Когда я сделала первый шаг через порог, меня атаковало внезапное сильное головокружение, и к моему изумлению я упала в обморок.
Обморок был недолгим, таким скоротечным, что кто-либо мог бы списать это на утомление, возможно, на низкий уровень сахара в крови, но это было нечто большее. Я почувствовала полное и тотальное замыкание цепочек в моём мозгу, и как только это случилось, я резко повернулась спиной к косяку, чтобы дверной проём помешал моему падению и предотвратил серьёзные травмы.
Вот и всё время, что было у меня перед тем, как тьма по периметру моего зрения расширилась, застилая всё перед глазами. Чернота поглотила меня, и я уже больше ничего не знала.
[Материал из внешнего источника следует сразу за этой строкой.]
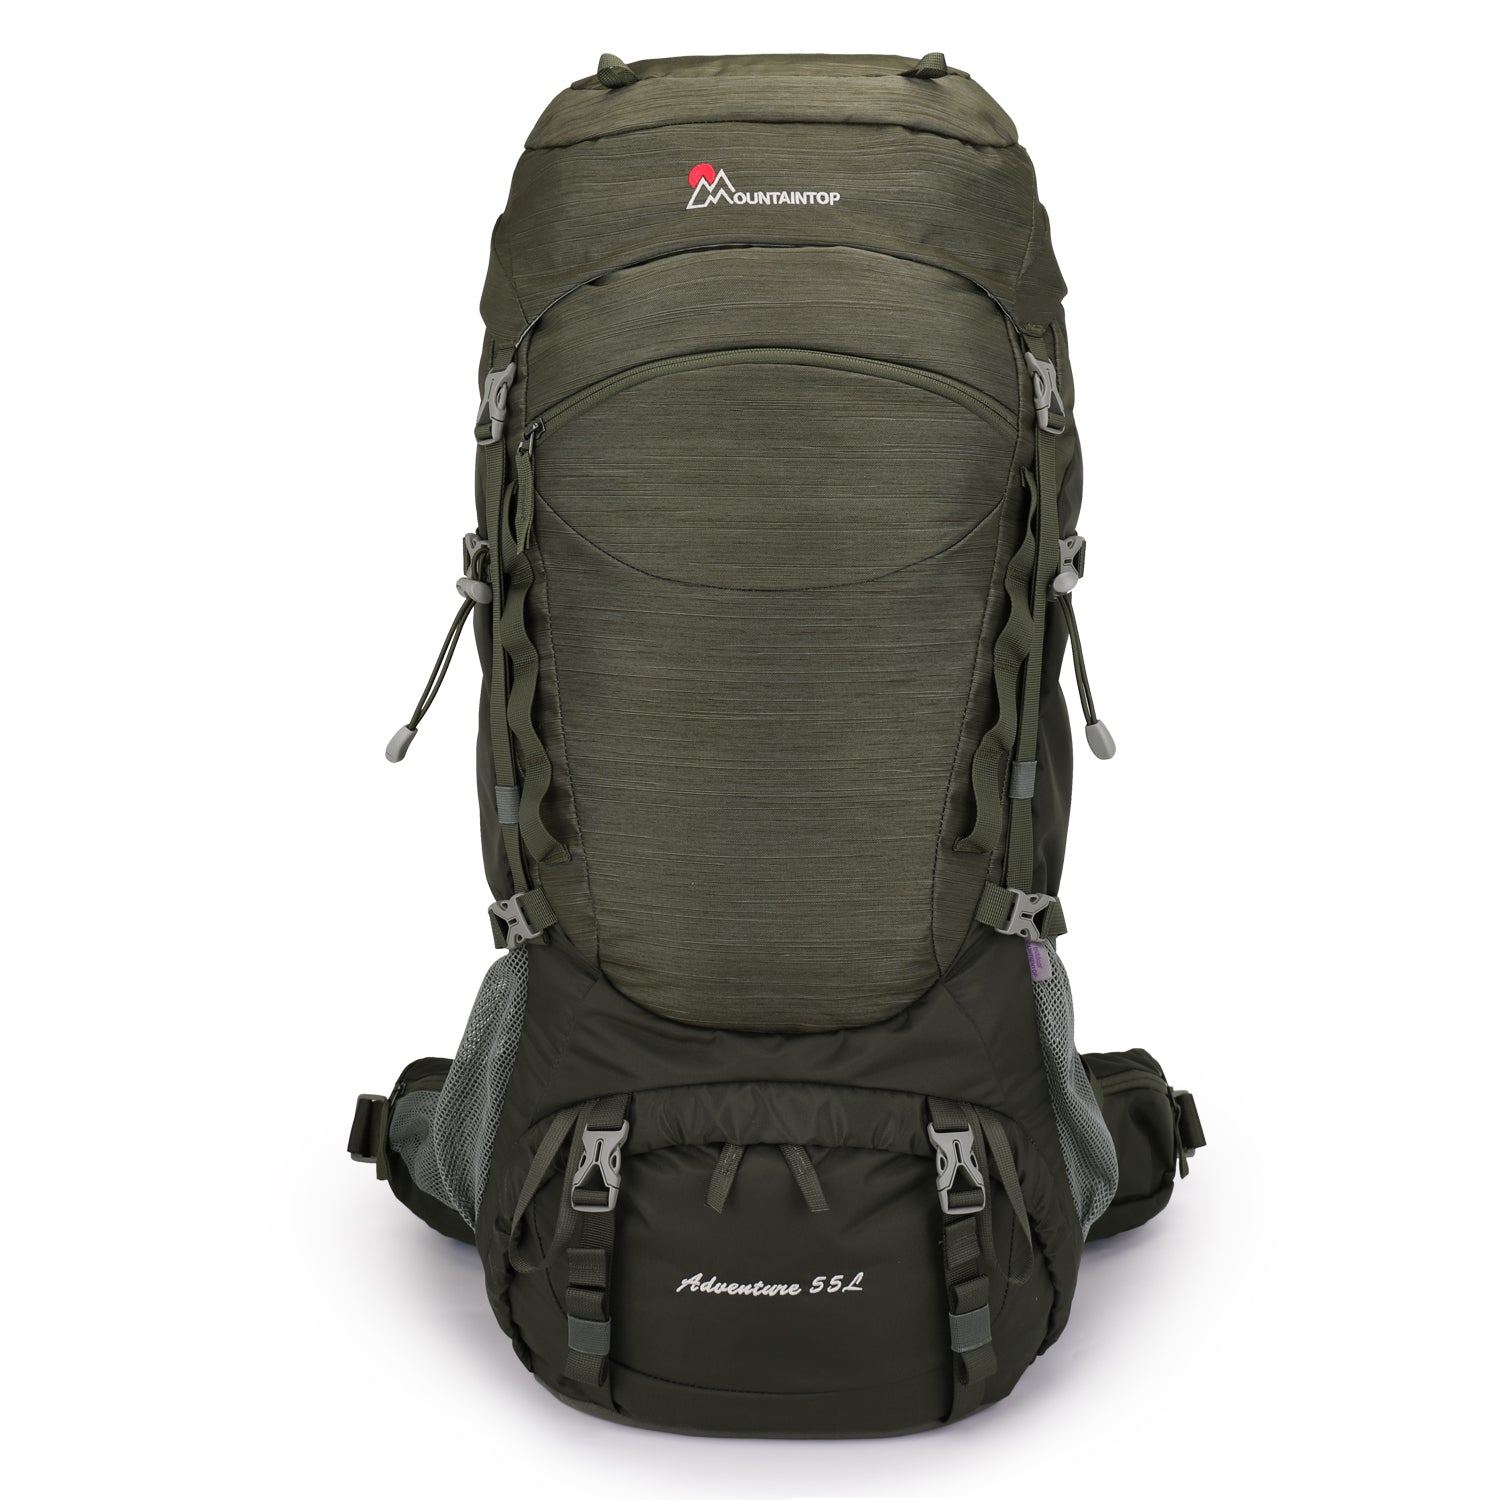 MOUNTAINTOP 55L/80L Hiking Backpack with Rain Cover 並行輸入品 バッグ
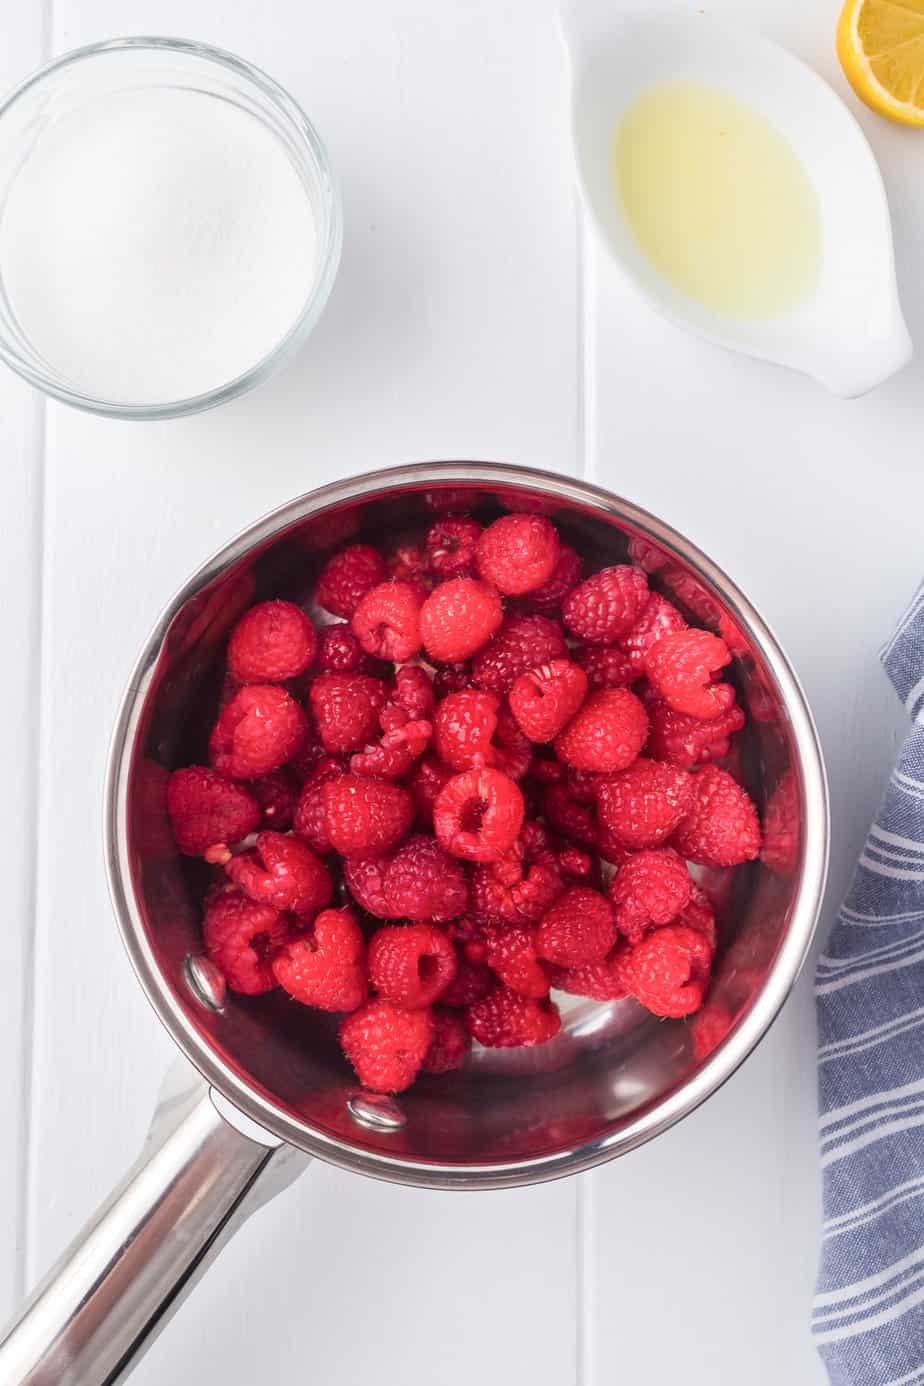 Raspberries in a pan with sugar and lemon juice nearby on the counter.

Затем я вновь оказалась там. Перерыв был столь кратковременным, что я успела лишь привалиться к косяку и наполовину сползти на пол. К моему большому удивлению, мои глаза до сих пор оставались открытыми. Я просто была здесь после того, как меня здесь не было, будто меня пылесосом высосали из моего тела, а потом тут же затолкали обратно.
Я закончила опускаться на пол и неподвижно сидела там, оценивая себя, не желая подниматься на случай, если вдруг снова потеряю сознание. Я ни в коей мере не чувствовала себя слабой. Этот момент казался скорее ментальным, нежели физическим, ибо у меня произошёл целый взрыв мыслей, когда я переступила порог: о том, как смерть мамы оборвала единственную жизнь, которую я знала, и об этом странном, неожиданном, крышесносном новом начале; о немыслимых суммах денег, кладбищах, болотах и пещерах; о, возможно, долгожданном обретении места, где я могу найти возможность остаться и принадлежать; об извилистых тропках, дорогах изъезженных и нетронутых, о решениях и последствиях, сопровождаемых тяжеловесным ощущением окончательности и неизбежности, словно в самом моём костном мозге чей-то голос прошептал: «Ну само собой, все дороги ведут сюда».
Оттолкнувшись от пола, я решила, что возможно, в моём мозгу происходило так много всего, что он просто отрубился – физически необходимый тайм-аут, шок от такого множества недавних перемен, сложившихся в момент выхода из строя.
– Странно, – пробормотала я, закрывая за собой дверь.
***
Скрытый в тенях на газоне Уотч-хилла мужчина тихо сказал в свой телефон:
– Слишком поздно. Она переступила порог. Она пошатнулась, но спохватилась и через несколько секунд закрыла дверь. Всё освещение в доме мигнуло, но не думаю, что она заметила. Какое бы заклинание они ни поставили на вход, оно сработало.
Пауза, затем он прорычал:
– Я в курсе, что это надо было сделать до того, как она вошла в особняк. Но Бальфур был с ней, и я не мог приблизиться. Ты же знаешь, у меня нет сил идти против этого типа.
Несколько секунд он слушал. Затем:
– Мы пытались в отеле. Тот своевольный ублюдок встал на пути. Не было ни единого дома, который не выставил бы своих ведьм в Монтелеоне, ожидая её прибытия. Некоторые пришли за её жизнью, некоторые – за её кровью. Большинство хотело и того, и другого.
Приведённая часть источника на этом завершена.